Previous studies have shown the benefit of language concordance in the clinical setting, and our experiences within the pandemic response team have illustrated the critical importance of effective communication during contact tracing. . Greater likelihood of testing and referral to I&Q support services when public health programs adopt language concordant approaches validates ongoing political discourse regarding the need to address institutional racism in state public health programs -United

What other discoveries have marked you?

Eliaz: Interestingly, there was no association between language concordance and completion of the contact tracing interview [OR 1.04, 95% CI 0.84-1.29]. These results suggest that contact tracers were able to conduct comprehensive interviews to the same extent, regardless of linguistic concordance. However, the results of these interviews, namely follow-up testing and access to essential support services, varied widely.

What are the implications of better linguistic concordance on health outcomes in general?

Eliaz: A number of recent studies have begun to shed light on the association between language concordance and health outcomes. Language forms the basis of communication that allows us to relate to patients, listen carefully, provide clear advice and form a therapeutic alliance. Although further studies are needed to explore the relationship between language concordance and follow-up care, it seems likely that improving language concordance between patients and providers has important implications for the trajectory of patient care. .

Besides the Latinx community, what other American populations would benefit from a better linguistic match?

Eliaz: We believe that all populations whose primary language is not English should have access to public health services tailored to their language preferences. The COVID-19 pandemic has provided insight into how specific races and ethnicities in the United States remain remote from public health services. United States public health departments need to tailor their language capabilities to the specific language needs of their communities. Certainly, in the San Francisco Bay Area, Spanish-speaking and Mayan communities have been disproportionately impacted by COVID-19.

In other places, meeting local language needs may mean investing in increased access to public health staff fluent in languages ​​such as Mandarin or Haitian Creole.

How can physicians improve language concordance and health equity in their own practice?

Eliaz: Our findings speak to the importance of a culturally humble and linguistically diverse public health workforce to reach communities with limited English proficiency and improve access to essential public health resources. .
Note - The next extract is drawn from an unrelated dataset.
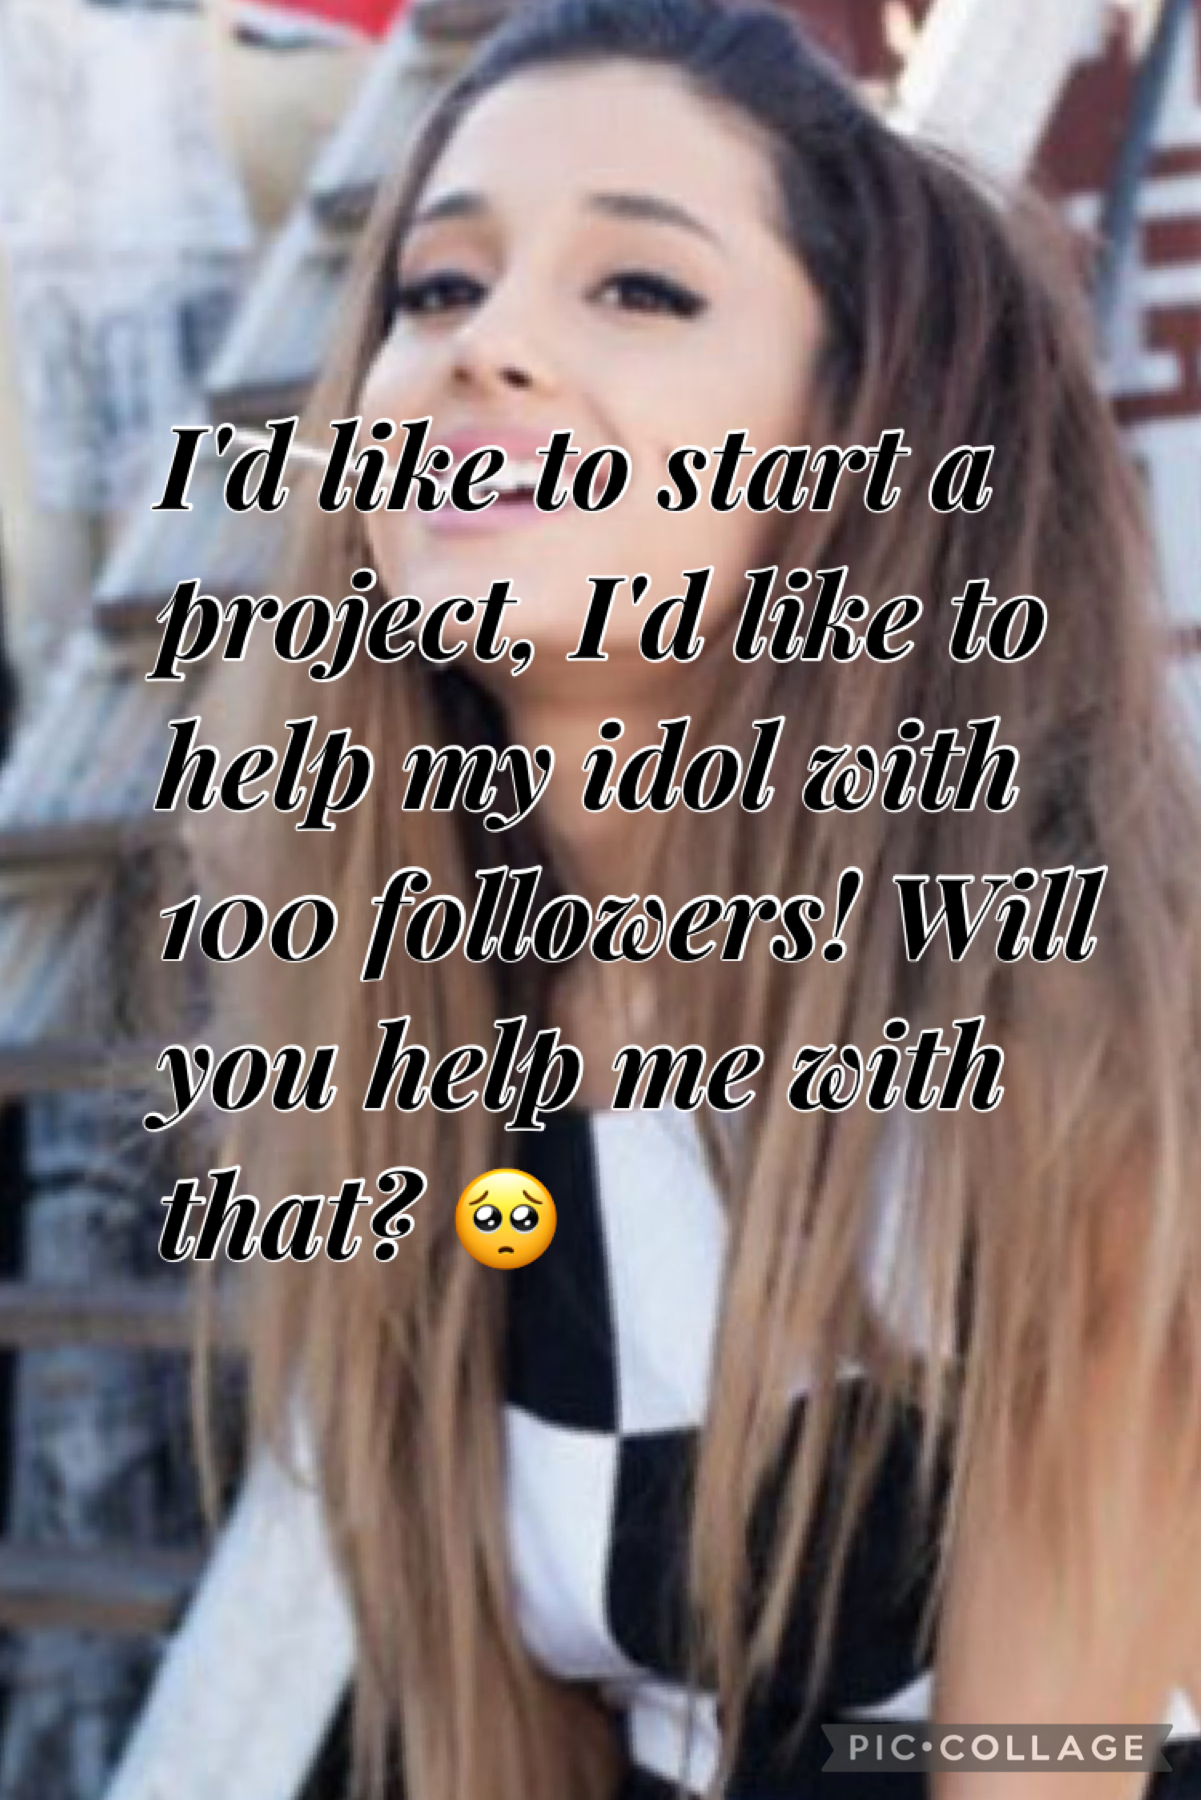 Pls help me with that!😙✌🏻❤️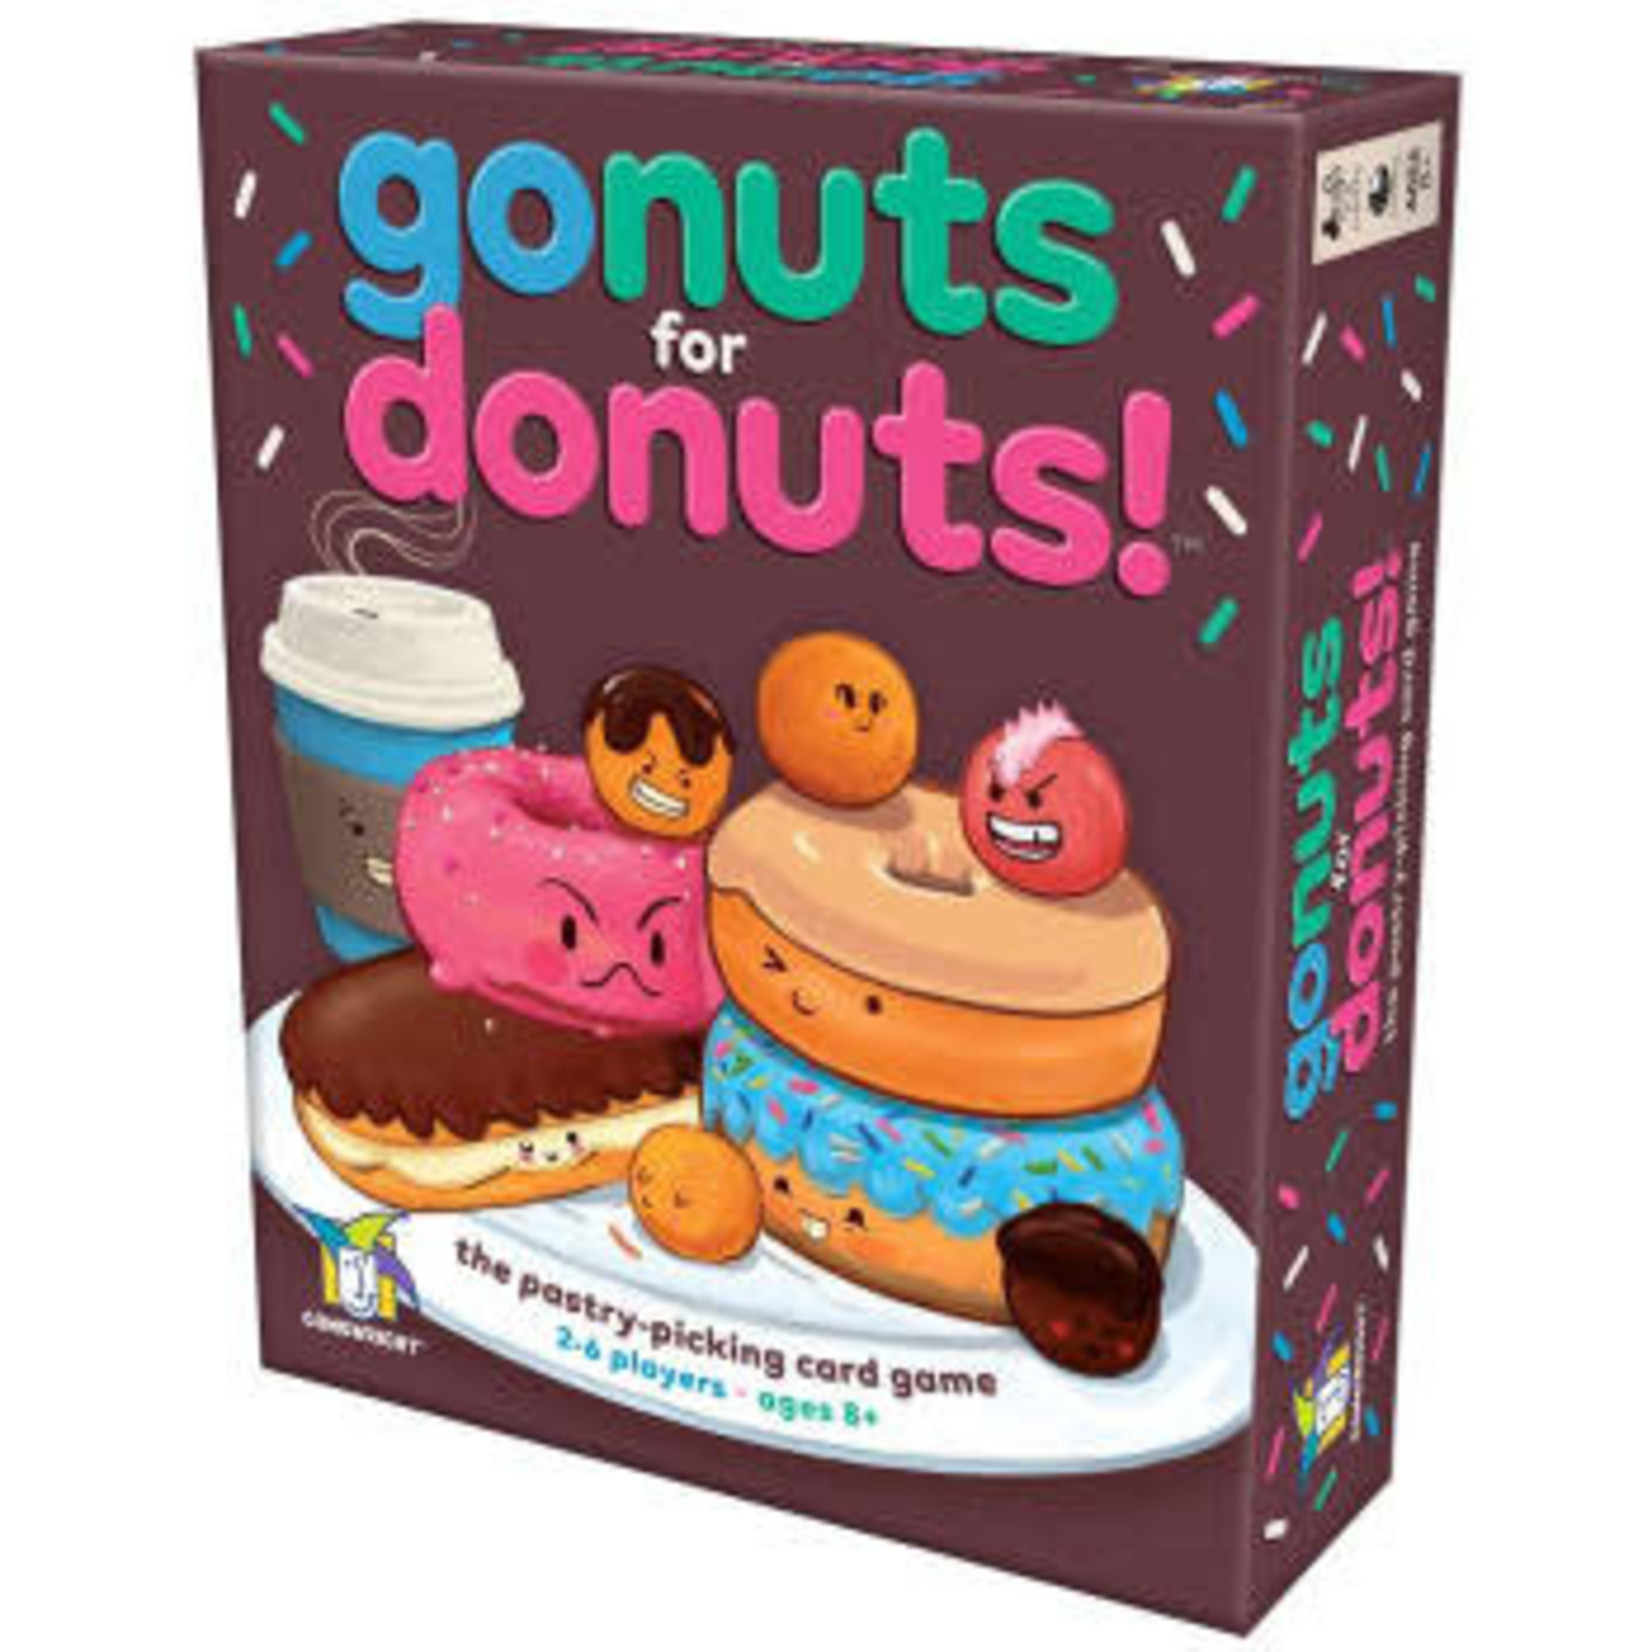 Gamewright Go Nuts for Donuts

As public health and clinical staff, it is essential that we advance initiatives to increase the diversity of our workforce and advocate for the recruitment of a workforce that reflects the communities we serve. As providers, it is also important that we advocate for our patients with limited English proficiency and make concerted efforts to improve system-level access to care or language-matched interpreter services. As our findings show, such efforts are important for improving public health and advancing health equity.

What’s the next step in finding your group?

Eliaz: There is a critical need to evaluate new models for delivering culturally humble and linguistically congruent public health programs, particularly targeting the needs of vulnerable populations in the United States. The team I work with at UCSF is actively evaluating pilot programs in which concordant language community health workers are empowered to perform critical functions in the COVID-19 response, including addressing reluctance to vaccination, conducting case investigations and conducting risk communication activities.

We very much hope that these programs will gain sustained support from our public health departments to address disparities in access to public health resources now and beyond the pandemic.

You can read the summary of the study here.

Eliaz and his co-authors have disclosed no relationship with the industry.